The next decade was a particularly difficult period: Distrusted by the conservative Polish émigré community as well as by the largely pro-Stalinist French Left, Miłosz was also viciously slandered by the official media in Poland. The attacks grew particularly rabid after the publication of his study of the capitulation of Eastern European intellectuals to Stalinism, The Captive Mind, and his political novel The Seizure of Power, both in 1953. The Captive Mind in particular was widely translated and discussed. During his ten years in France, Miłosz also produced a nostalgic novel on his Lithuanian childhood, The Issa Valley (an autobiographical work taking his own experience as exemplary of that of Eastern Europe), the autobiographical Native Realm, and a long treatise in verse on poetry’s relations with nature and history, A Treatise on Poetry. Already he was in the process of broadening the immediate concerns of his writing into the all-encompassing system of poetic metaphysics that has been the most striking feature of his work in its later phase.

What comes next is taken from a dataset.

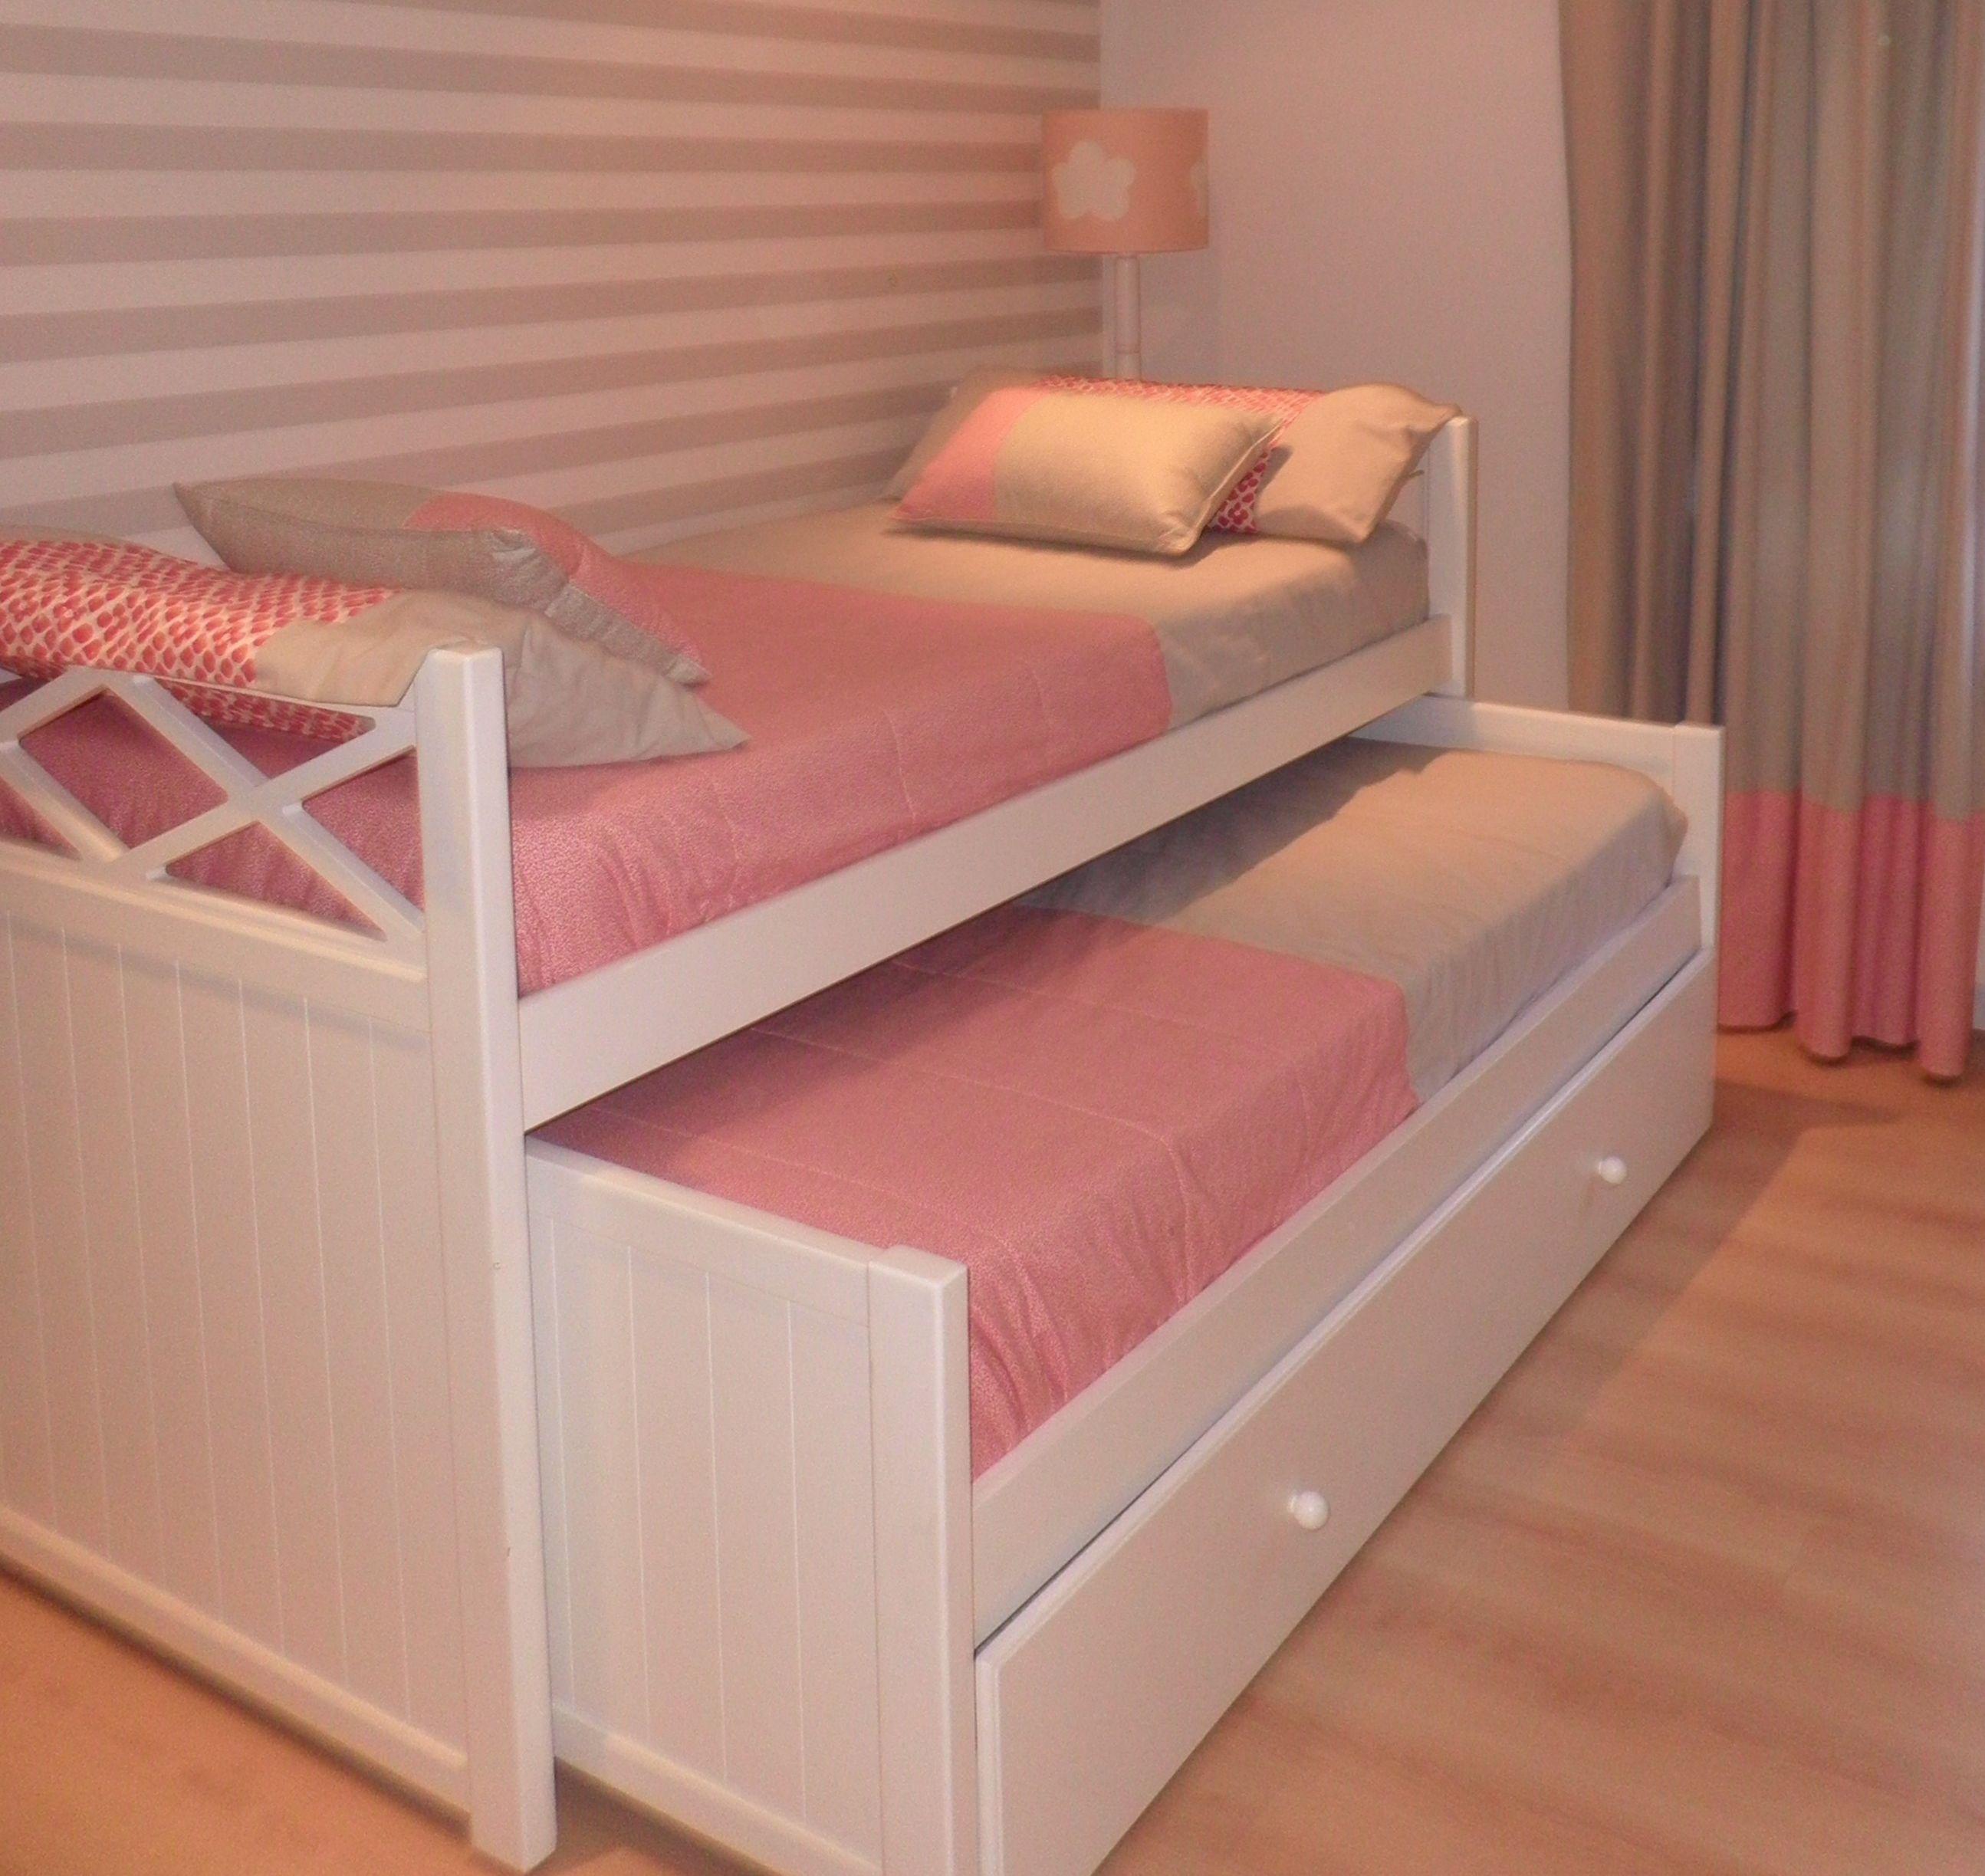 Cama marinera buscar con google camas pinterest for Camas infantiles dobles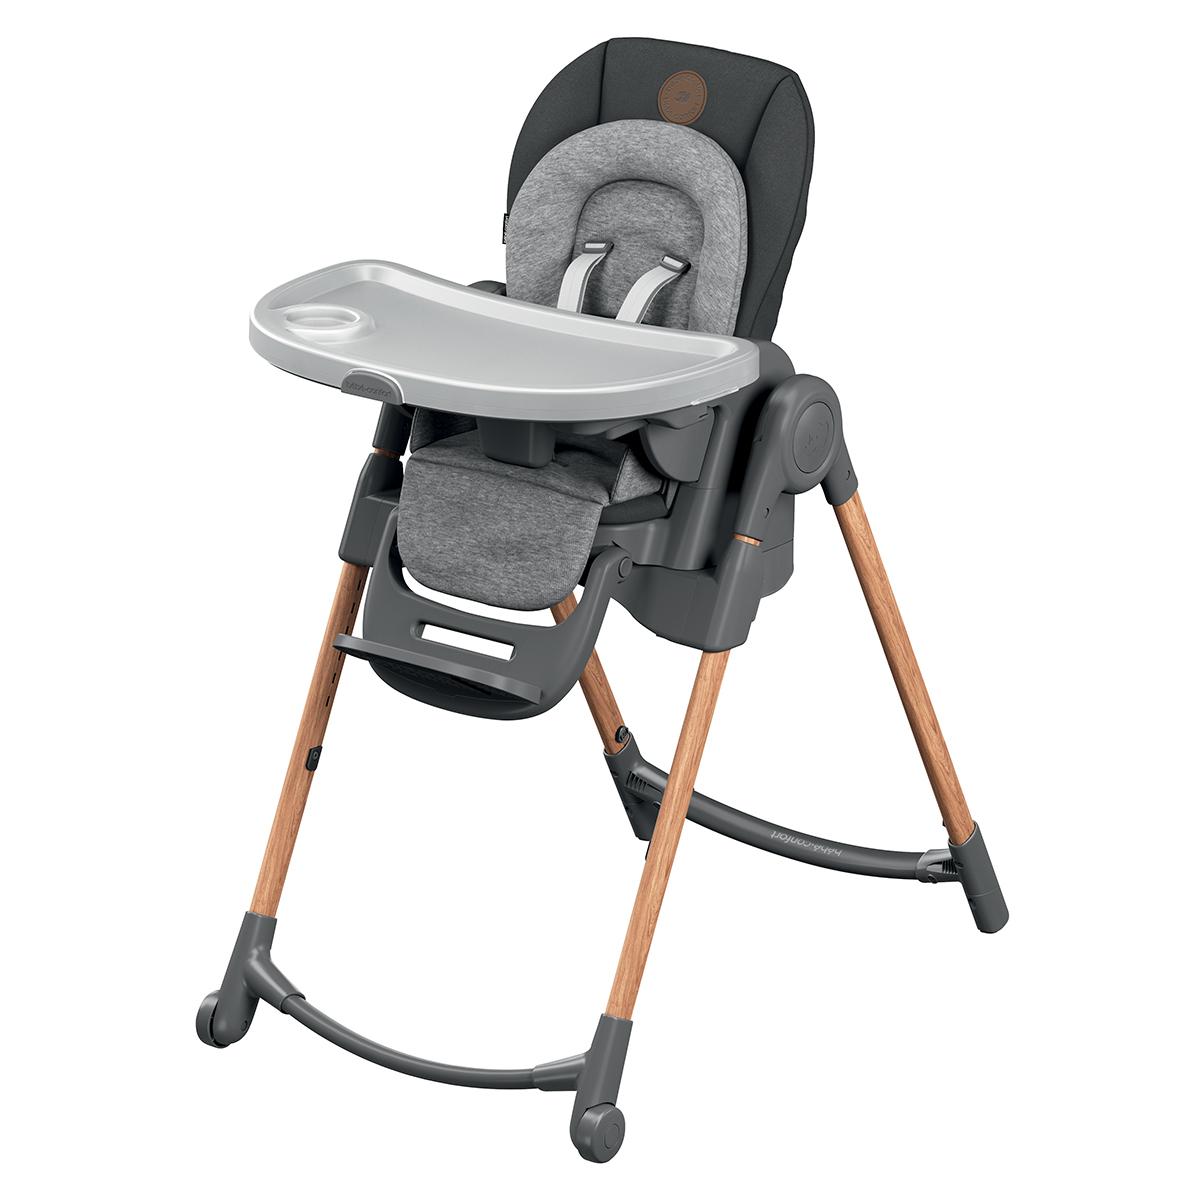 Chaise haute Chaise Haute Minla - Essential Graphite Chaise Haute Minla - Essential Graphite

From 1961 to his retirement in 1978, Miłosz was offered a position as professor of Slavic literatures at the University of California at Berkeley, and he made his permanent home there. After settling in California, he published a number of major books of poems in Polish and a rich variety of prose works, ranging from intellectual autobiography to a textbook on the history of Polish literature; in addition, he became active as a translator. Many of his works, both poetry and prose, have appeared in English translation. Increasingly, Miłosz was recognized as a poet on the international scene, winning the Neustadt International Literary Prize in 1978 and the Nobel Prize in Literature in 1980. His Nobel Prize worked to restrain to some extent the hostility of the Polish regime: Even though he was still attacked from time to time in Poland’s official media, the censorship ban on most of Miłosz’s books was lifted.

Miłosz became much more than a poet: Within Polish and American literature of the mid-twentieth century he was a one-man institution. His works exerted an incomparable influence in areas of thought stretching from politics to poetics and from modern history to metaphysics. It might even be said that before his Nobel Prize, recognition in the West of his achievement as a poet had been slowed down, ironically, by his early international success as an essayist. Yet he will be remembered, first and foremost, as a magnificent artist of language, one whose verbal art is bold, perspicacious, and versatile enough to address the entirety of human experience. His moral concerns and his role as the epoch’s witness notwithstanding, his paramount theme is the universal essence of the human condition, its complex entanglement in various unresolvable conflicts–in paradoxes of history and society, time and space, nature and divinity, good and evil, experience and communication, existence and cognition.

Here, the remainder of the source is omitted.